| > Based on what? Someone with a high school diploma will earn on average $1.3 million over their lifetime. Someone with a B.S. averages $2.3 million. The college degree is thus worth, on average, $1 million in lifetime earnings. Source: https://cewgeorgetown.wpenginepowered.com/wp-content/uploads... > The fact is, a huge number of people have staggering amounts of student loan debt, and very little ability to repay that debt—and a legal prohibition on discharging it. I believe I acknowledged that. Making provisions for discharging student loans via bankruptcy would be a really good idea. Much better at targeting student loan relief to those who need it. > What does this situation gain us that would be lost if we simply cancelled all that student loan debt? Cancelling all student loan debt would lead to some combination of higher taxes and inflation. No matter how you slice it, that would be a redistribution of wealth from the uneducated to the educated.
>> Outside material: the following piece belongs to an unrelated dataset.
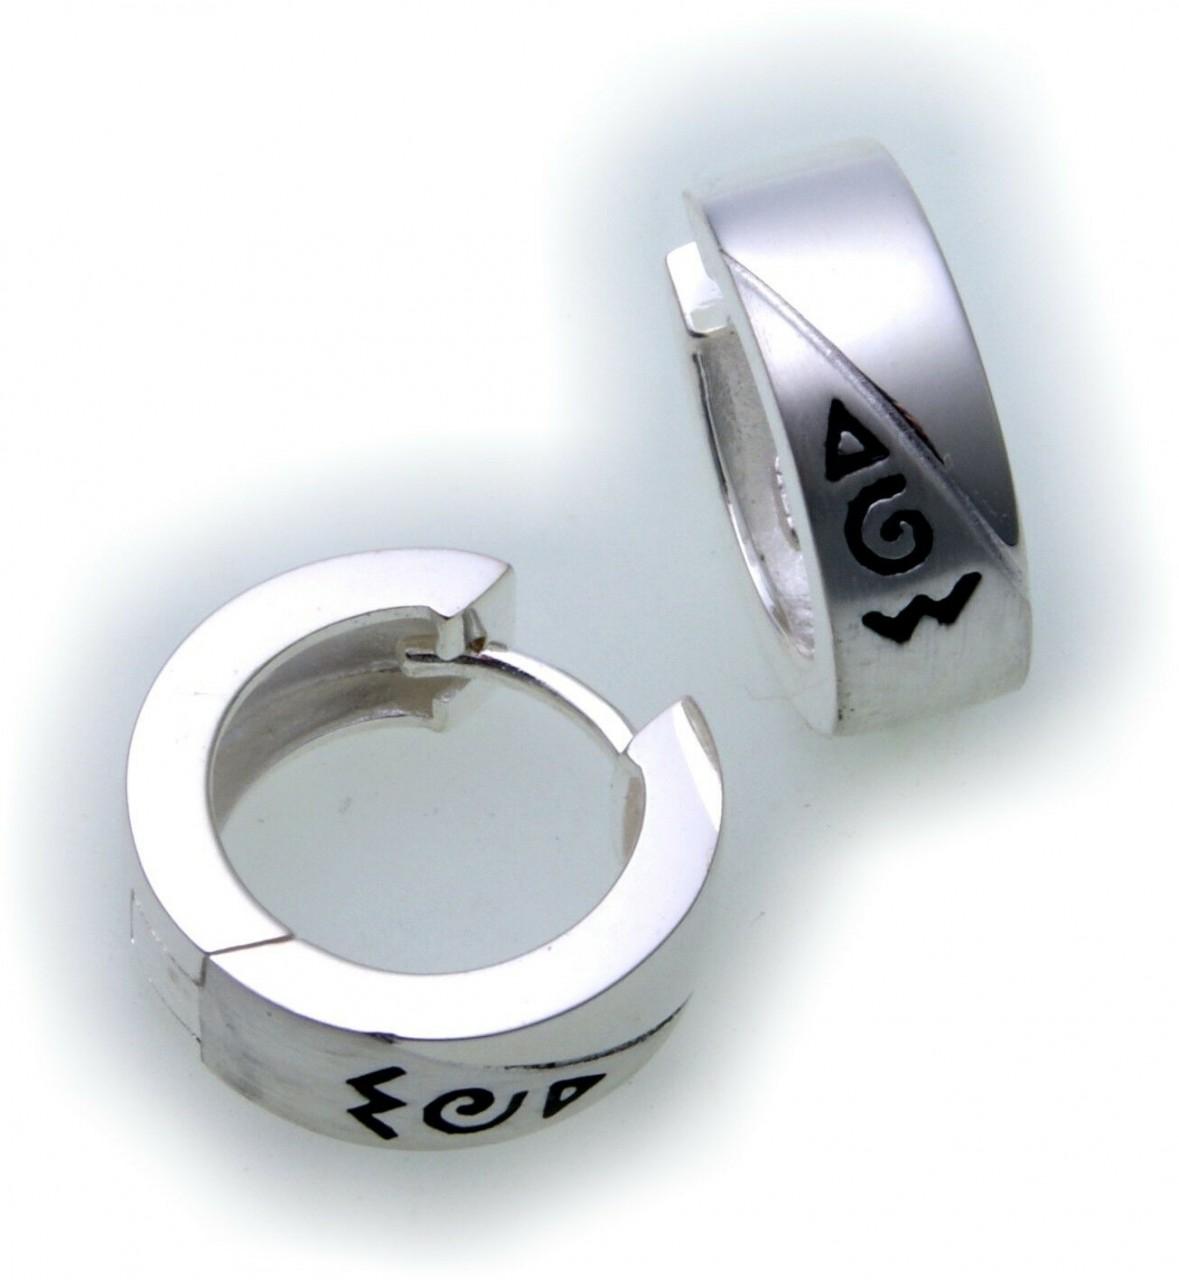 Damen Ohrringe Klapp Creolen echt Silber 925 Sterlingsilber 15 mm Z2208
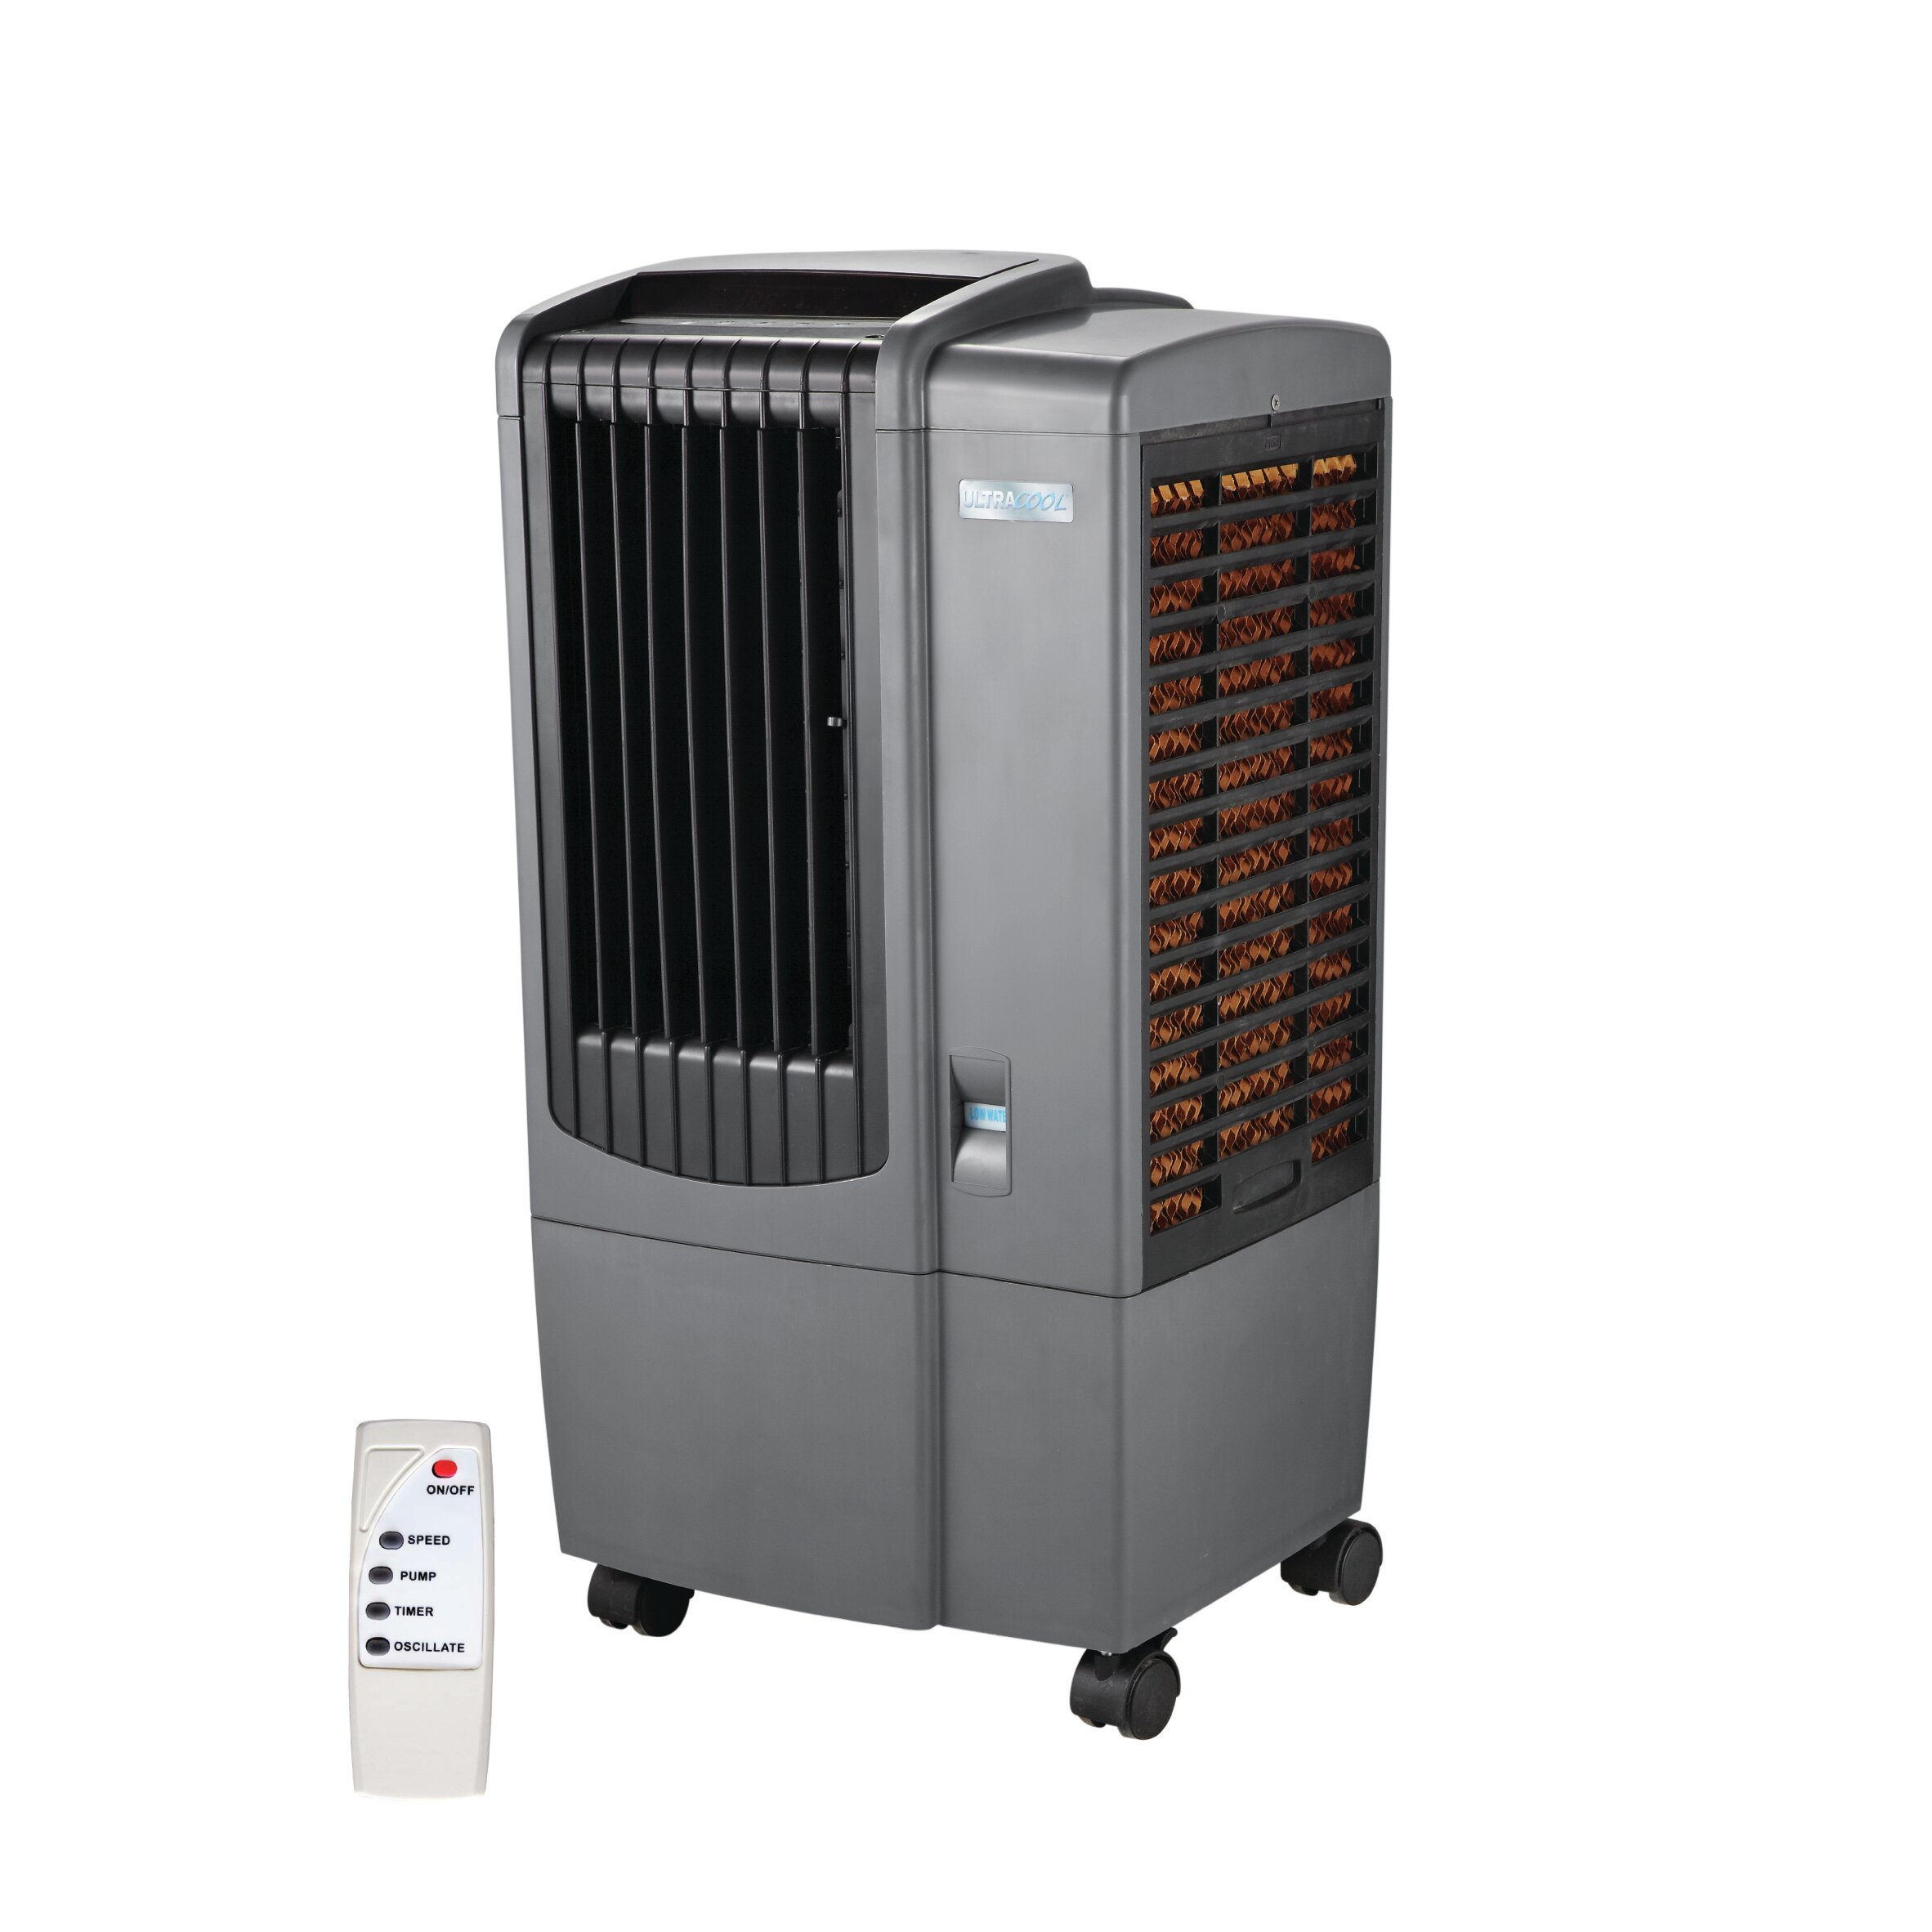 Portable Evaporative Coolers Home Depot : Ultracool portable evaporative cooler with remote

That redistribution of wealth therefore goes the wrong way -- the uneducated are more likely to be poor, and the educated more likely to be rich. |
That's simply not true, at least not in any meaningful sense.
It would be perfectly straightforward to fund that entirely by raising income taxes on the highest earners.
I'm sure some of them count as "uneducated", in the technical "did not go to (or dropped out of) college" sense, but once you're selecting specifically for the highest earners, that ceases to actually matter.